Last week, Republicans who control the Wisconsin legislature killed the latest attempt to expand Medicaid in the state. In blocking Medicaid, the state gave up $1.6 billion in federal funding and denied coverage to 90,900 Wisconsinites.
Wisconsin is not the only state where Republicans are denying uninsured people health coverage.The Missouri’s governor and legislature have refused to implement the 2020 ballot measure to expand Medicaid that was approved by more than 53% of Missouri voters and supposed to take effect on July 1st.Earlier this year, Republicans leading the Kansas legislature defeated efforts by Governor Laura Kelly to expand Medicaid in that state.
In addition to Missouri and Oklahoma, where voters have approved ballot measures that have yet to be implemented, twelve states continue to block efforts to expand Medicaid coverage to the residents of their states that are eligible under federal law. In South Dakota, where health advocates have already gathered over 10,000 signatures to put Medicaid expansion on the ballot after years of gridlock, state lawmakers led by Republican Governor Kristi Noem have gone so far as to try and change the Constitution to prevent 42,000 South Dakotans from getting health coverage.
Medicaid expansion has reduced the number of uninsured by millions
Before the Affordable Care Act went into effect, 44 million people in the United States were uninsured. The ACA brought the number of uninsured people to historical lows, by making coverage more affordable for people buying policies in the ACA marketplaces and by increasing funding and expanding eligibility for Medicaid coverage in states. In the law’s first decade, 20 million people gained health care coverage, most through Medicaid which provided insurance for more than 12 million more people thanks to the ACA.
Millions more are eligible for Medicaid coverage, but Republicans are blocking access
But the ACA has yet to be fully implemented in every state.
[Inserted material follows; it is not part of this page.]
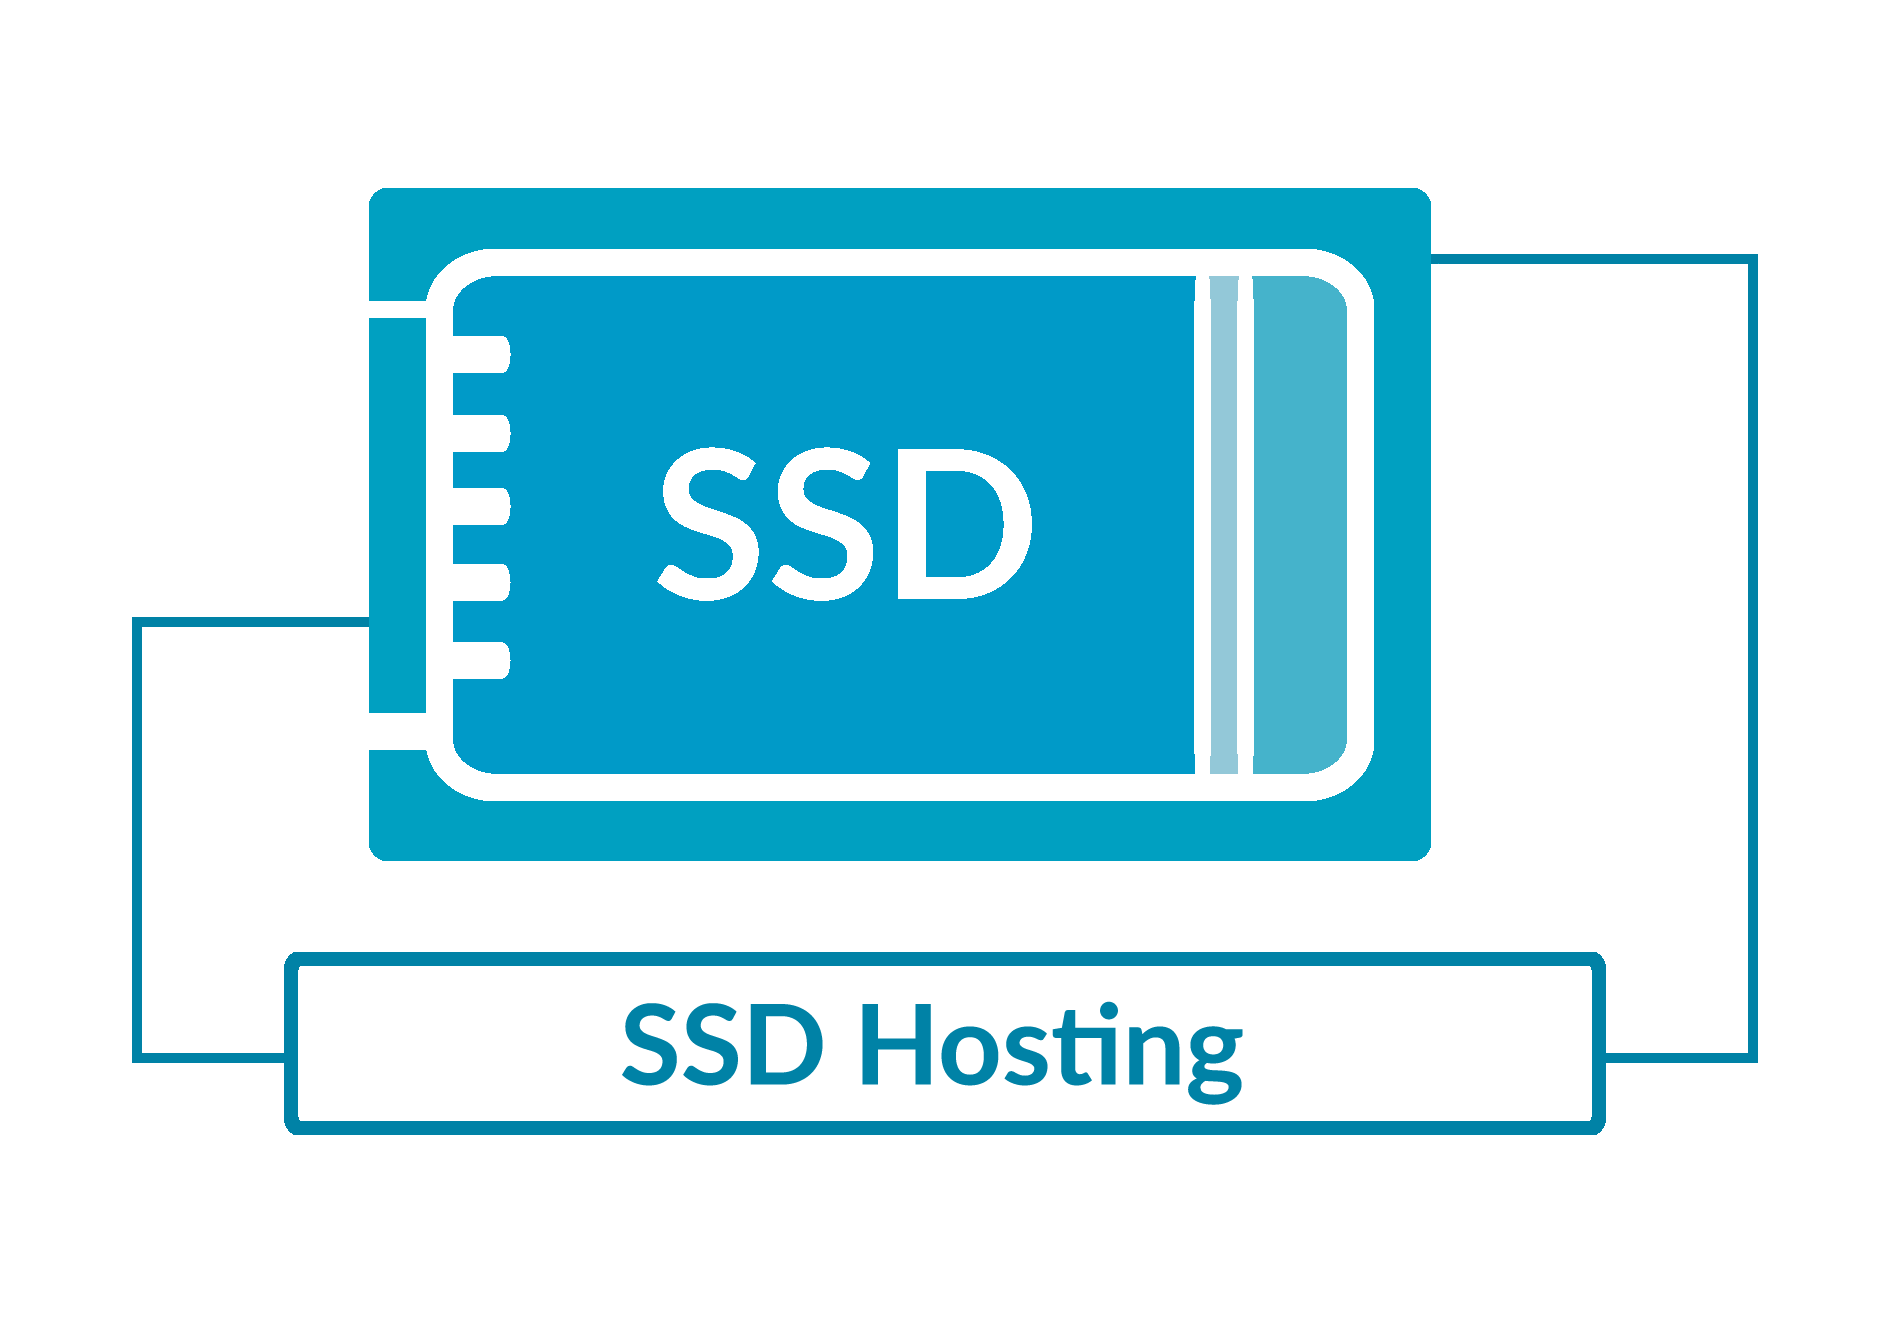 Hosting cPanel Cloud Servers with SSD Storage for $40 SEOClerks

So far, thirty-eight states and the District of Columbia have expanded Medicaid coverage. In the remaining twelve states, state legislatures controlled by Republicans are blocking coverage for four million nonelderly adults without insurance who would be able to get Medicaid if they lived in a different state.
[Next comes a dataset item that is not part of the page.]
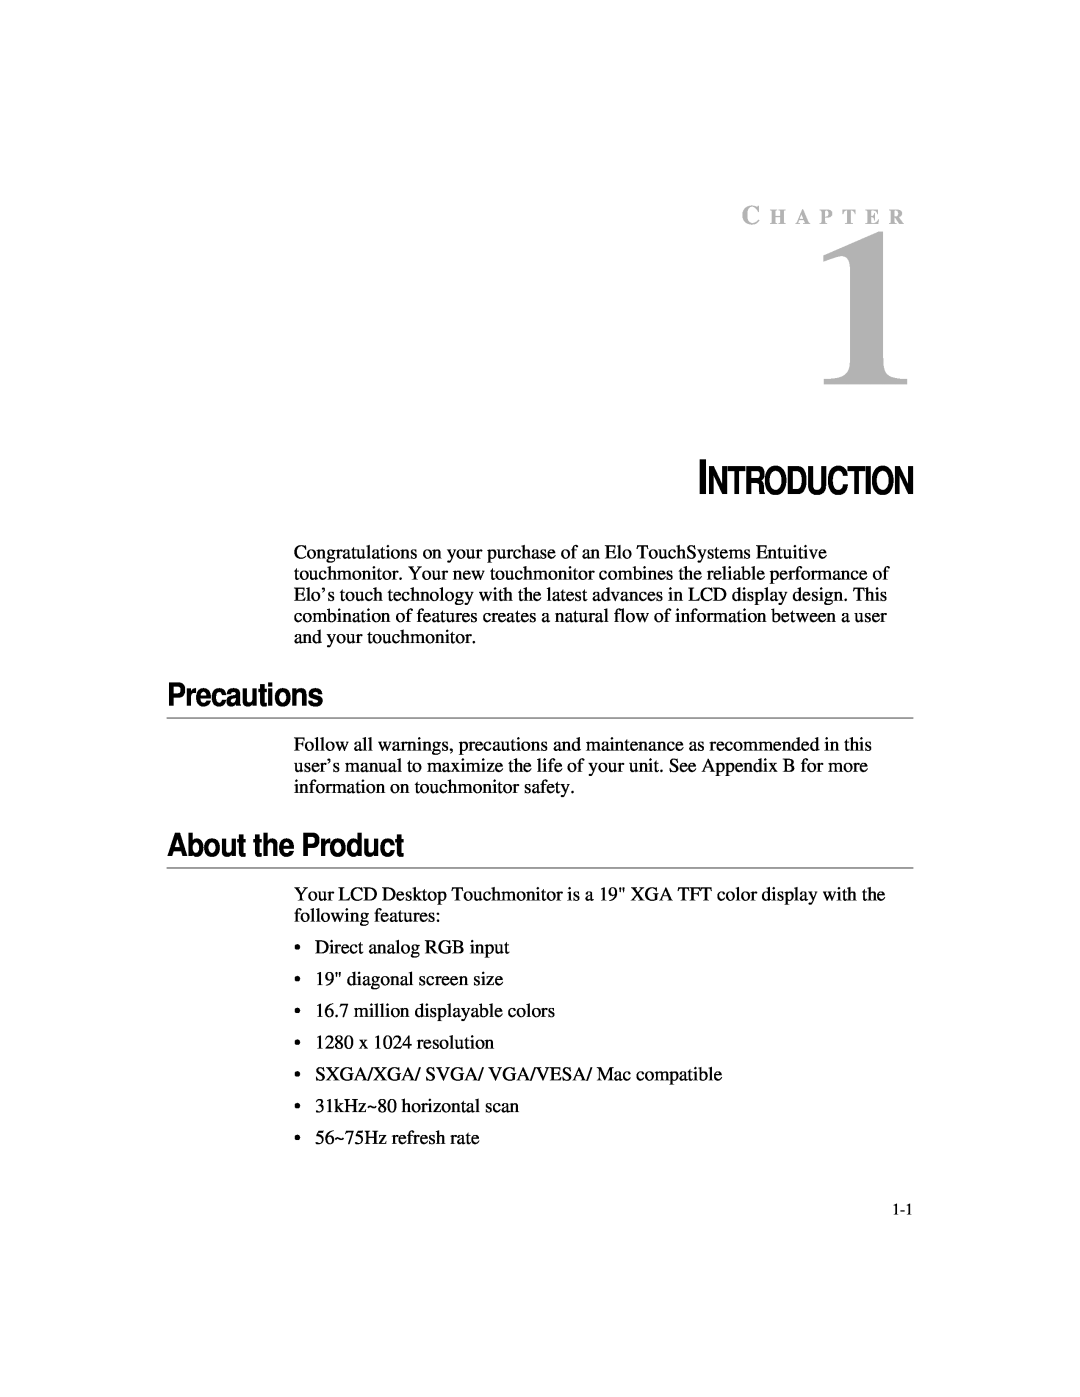 Elo TouchSystems 1925L manual Introduction, Precautions, About the Product, C H A P T E R

Medicaid access improves health outcomes and increases economic security. Since the ACA was enacted,Medicaid has saved at least 19,000 lives. If all states had expanded Medicaid, the number of lives saved just among older adults in 2017 would have rivaled the number of lives seatbelts saved. Medicaid enables people to get regular preventive care, to get treatment for chronic health conditions like diabetes and high blood pressure and Medicaid is the leading payer of mental health and addiction treatment services.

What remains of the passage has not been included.